Milicent

Milicent... Ese era su nombre... Milicent... Porque su madre lo había leido en un libro inglés que hablaba de amor, y como la protagonista tenía un feliz, su madre se lo había puesto a ella, esperando que su vida fuera tan feliz como la de la protagonista de aquella novela.
Claro que su madre no pensó en como un nombre así pesaría sobre ella en sus primeros años. Una no puede ser de un pequeño pueblo de la costa valenciana y llamarse así, sin ser el blanco de las preguntas de los profesores y de las cancioncillas jocosas de sus compañeros de clase.

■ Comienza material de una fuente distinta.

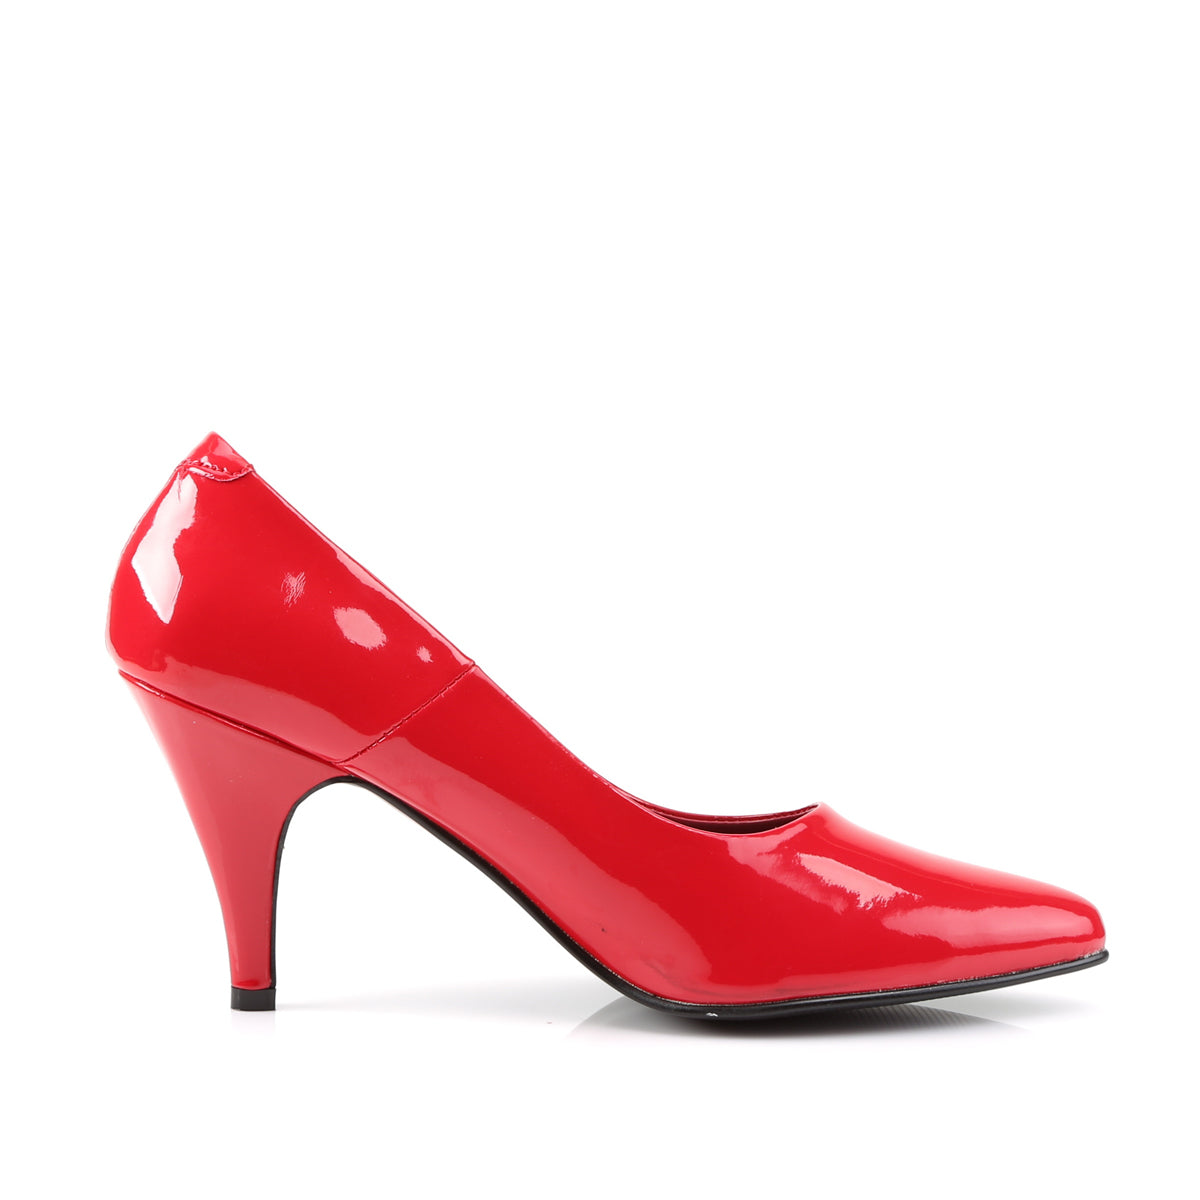 PUMP-420 Fancy Dress Costume Funtasma Women's Shoes Red Pat

Mili... así se presentaba ella siempre que alguien preguntaba su nombre, cuando ya había mas confianza, si se terciaba explicaba que no era diminutivo de Milagros, sino de Milicent, y contaba la extraña historia de como su madre elegió su nombre a mitad embarazo.
Su madre y aquellas novelas rosas de títulos románticos que siempre leía y que guardaba en el bolsillo delantero de su gran delantal de color amarillo pálido. Aquellas novelas en las que decidía perderse aún a riesgo de que se le quemase la cena, como pasó mas de una vez, pero que la absorvían, tan insatisfecha con su vida, tan distinta de como había imaginado en su juventud, y que soñaba que tenía cuando en medio de las obligaciones del día, sacaba esos ratos que dedicaba a leer esos incendiarios amores ajenos que le hablaban de una pasión que no conocía, pero que anhelaba.

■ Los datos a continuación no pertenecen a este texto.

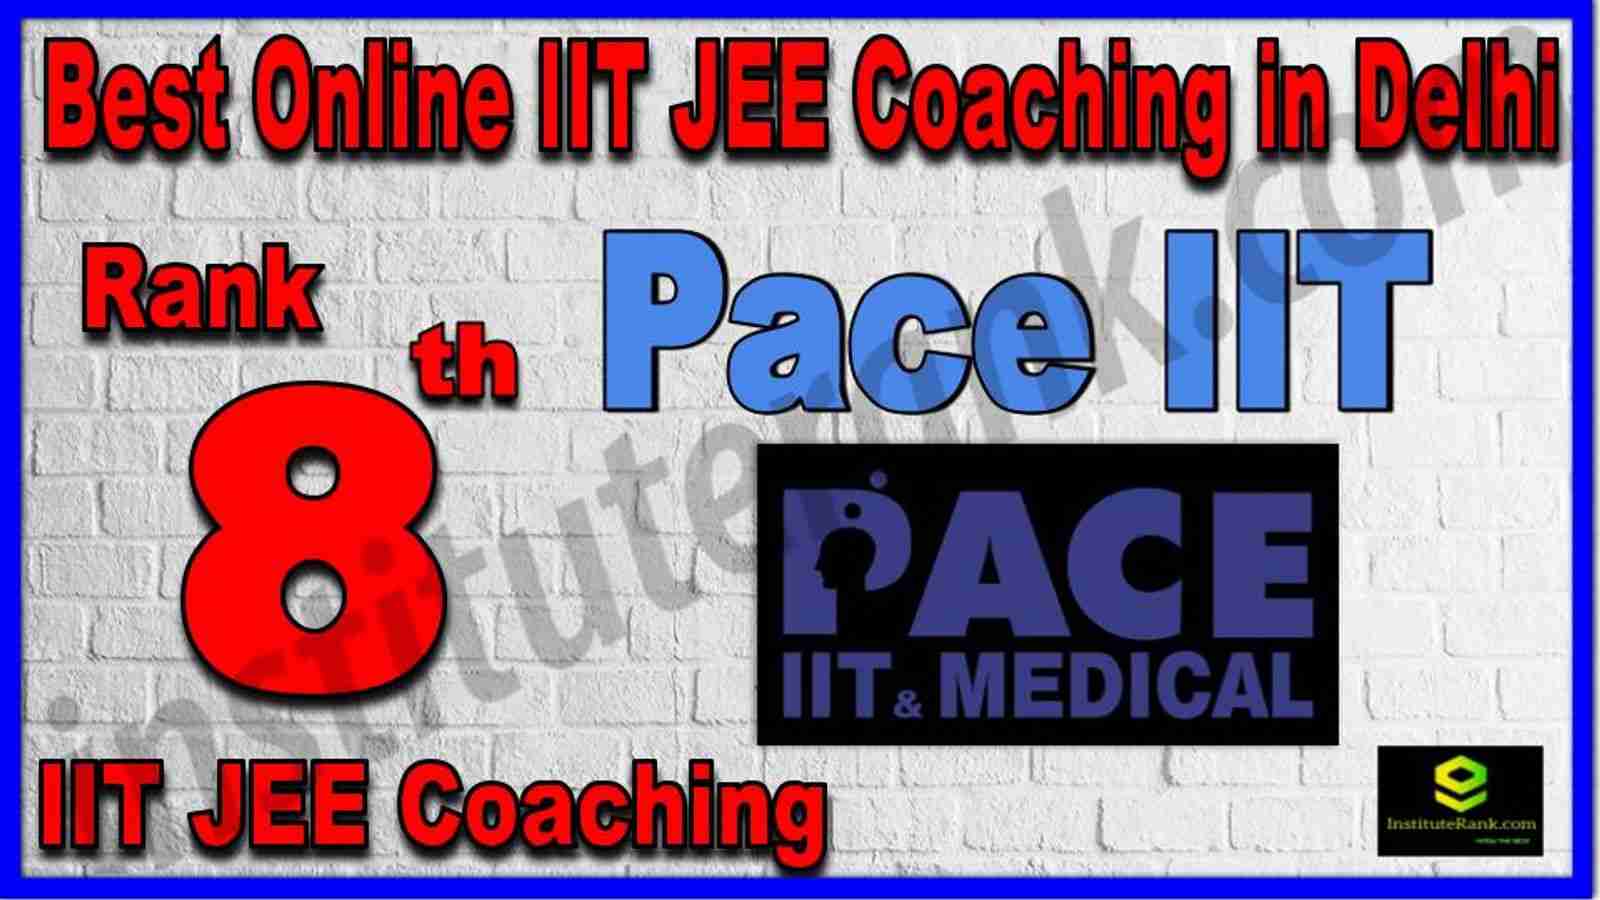 Rank 8th Best Online IIT JEE Coaching in Delhi

Y no era que el padre de Milicent no quisiera a su madre, era un buen hombre y el suyo era un buen amor, de esos seguros, tranquilos y nada atormentados, y eso era precisamente lo que tenía insatisfecha a su madre, que no había escenas de celos, y despedidas desgarradas, y tuvo nunca que luchar con los piratas para salvarla, ni enfrentarse a la sociedad en nombre de su amor. Solo era un buen hombre enamorado de ella, que le compraba todas las novelas que quería, que no decía nada cuando la cena se quemaba, ni cuando llegaba a casa y la encontraba leyendo en la mesa de la cocina, con la casa sin barrer y las niñas sin cenar, y que ni siquera se opuso a aquel extraño capricho de llamar a su primera hija Milicent, y Nelly a la segunda. Pero, claro, ella eso nunca supo valorarlo.

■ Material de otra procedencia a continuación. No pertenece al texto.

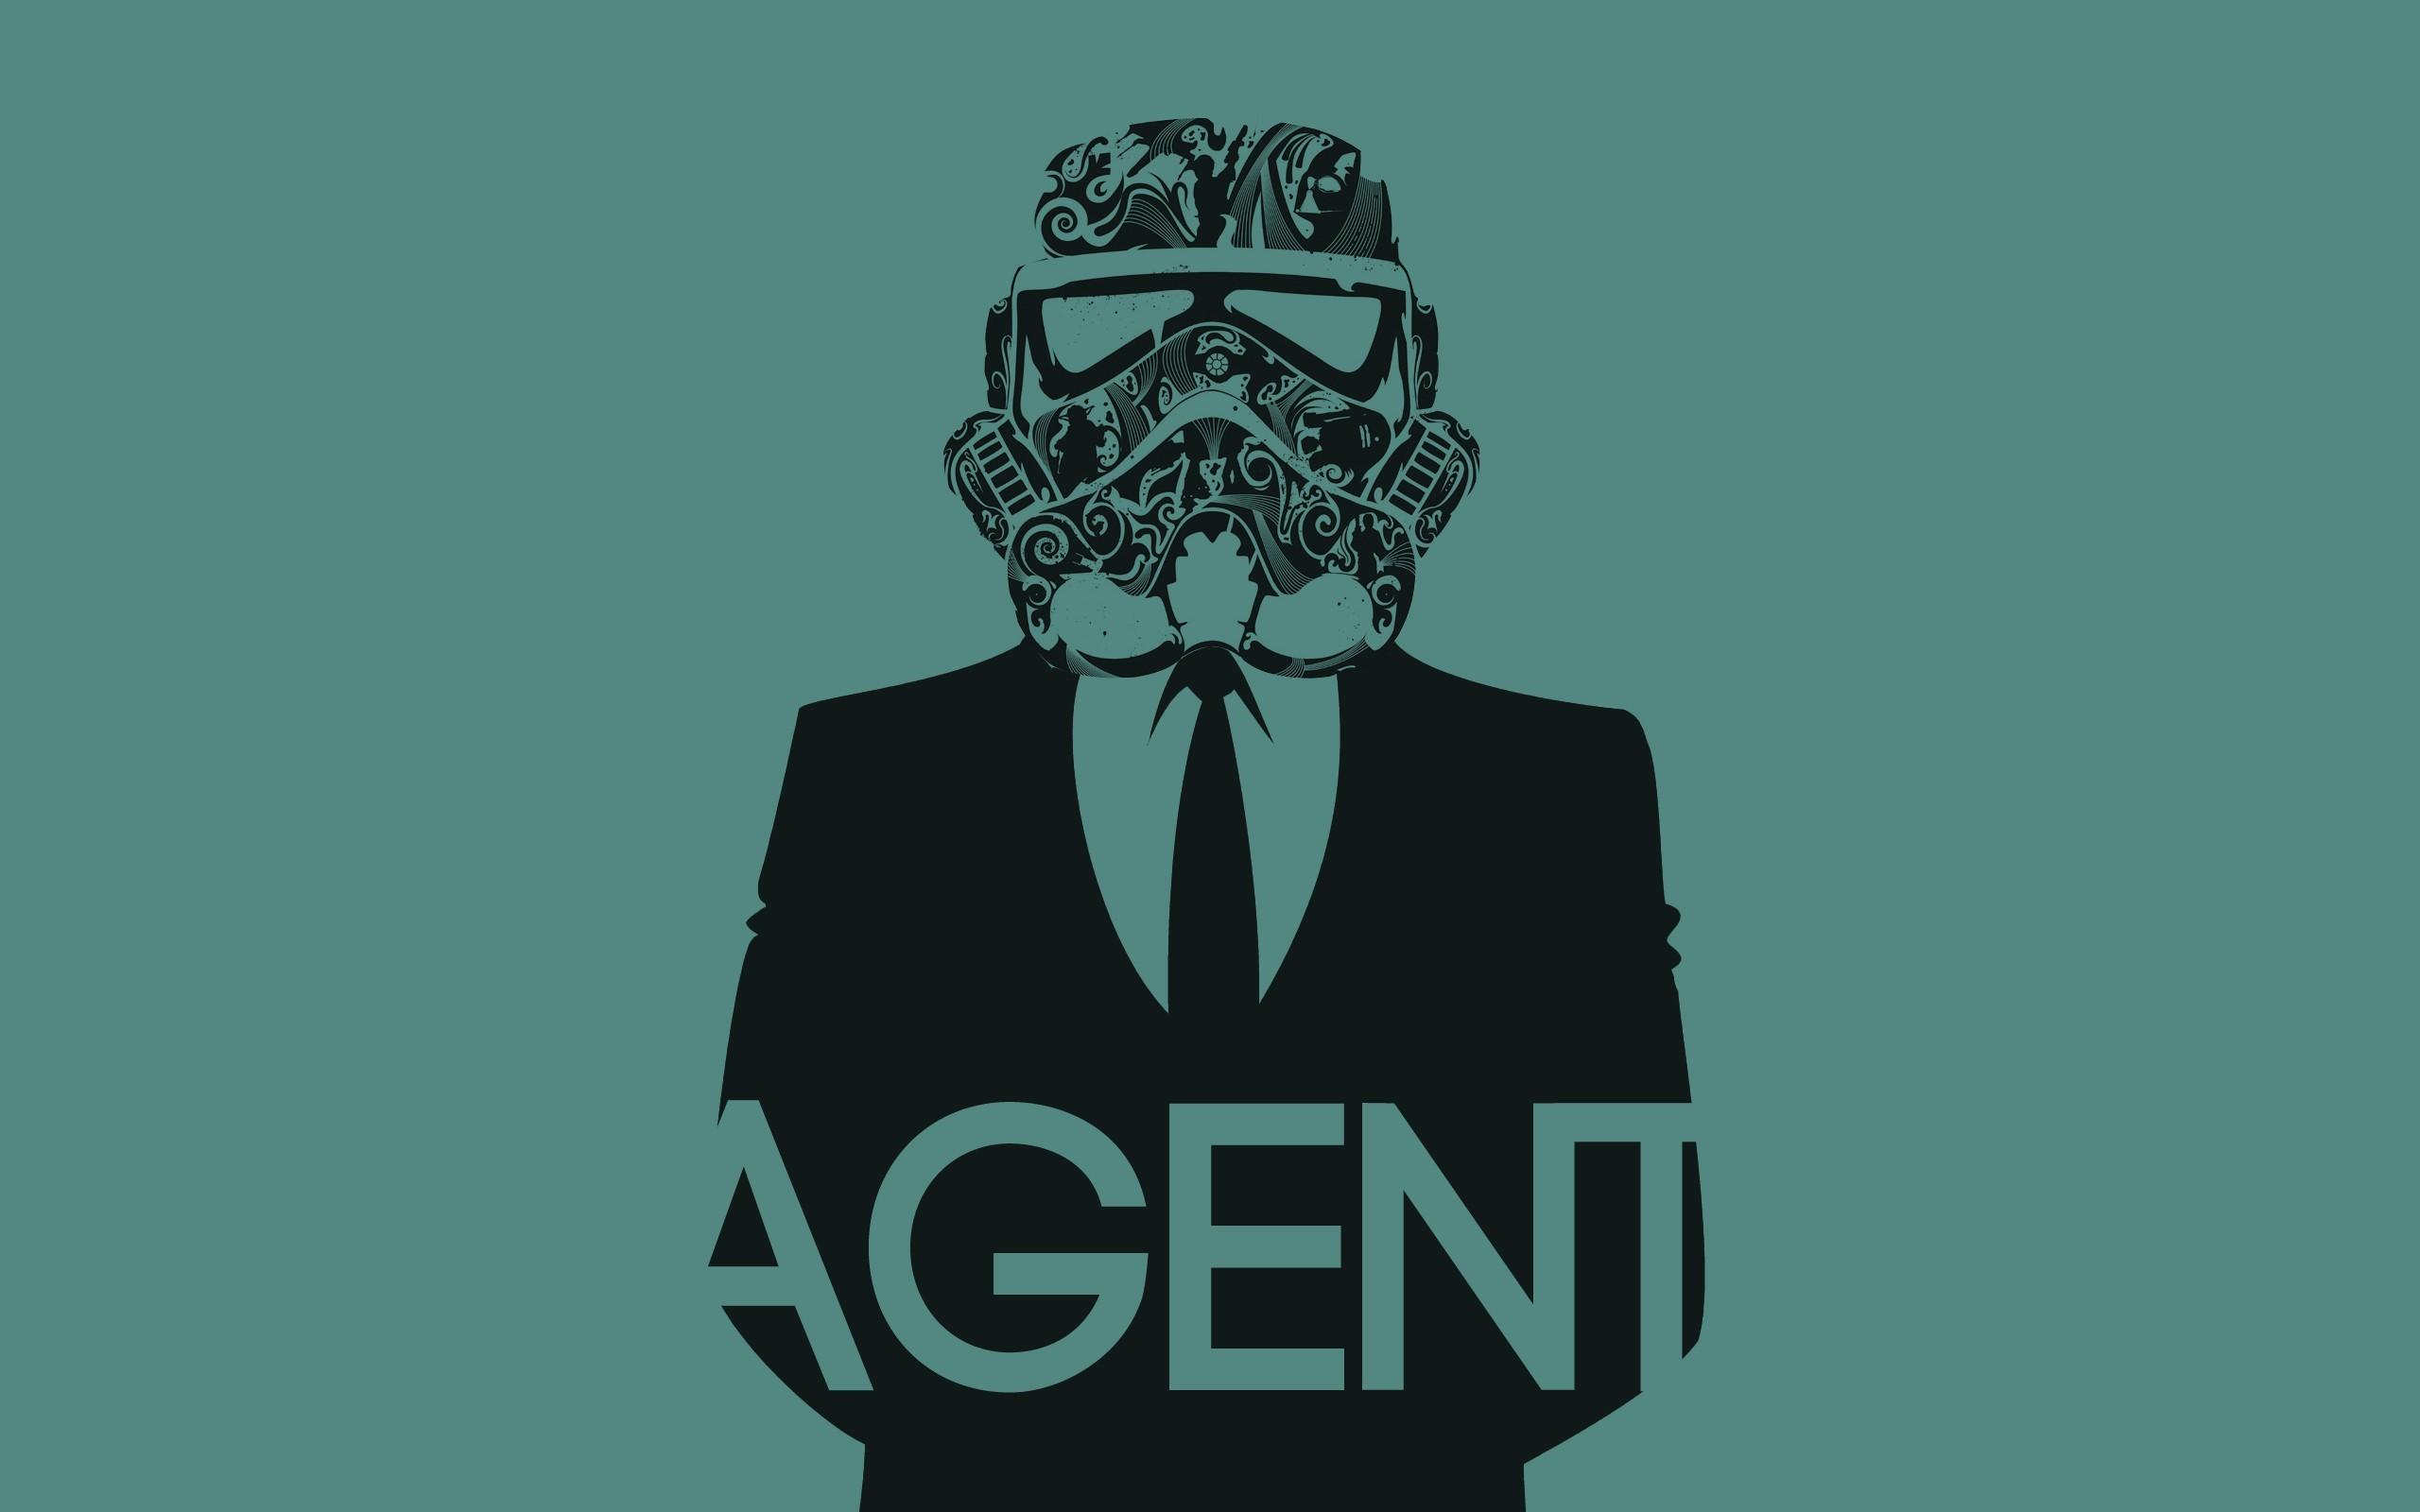 Star wars agent stormtroopers wallpaper. PC

Milicent se mira en el espejo mientras se quita la ropa, y piensa que empieza a no tener edad de llamarse Mili, que tendrá que empezar a usar su verdadero nombre después de tantos años, ese nombre que desde hace unos meses ya no le resulta ni ajeno ni extraño... Y Milicent se sonríe mientras se quita la ropa, porque desde que él llegó a su vida, su nombre ha empezado a gustarle. Porque él quiso saber enseguida de donde venía aquel diminutivo que según él no le ajustaba, y cuando ella le dijo su nombre completo, él pareció saborearlo en cada sílaba, mientras lo repetía con un deje de lujuría que nunca antes había tenido su nombre.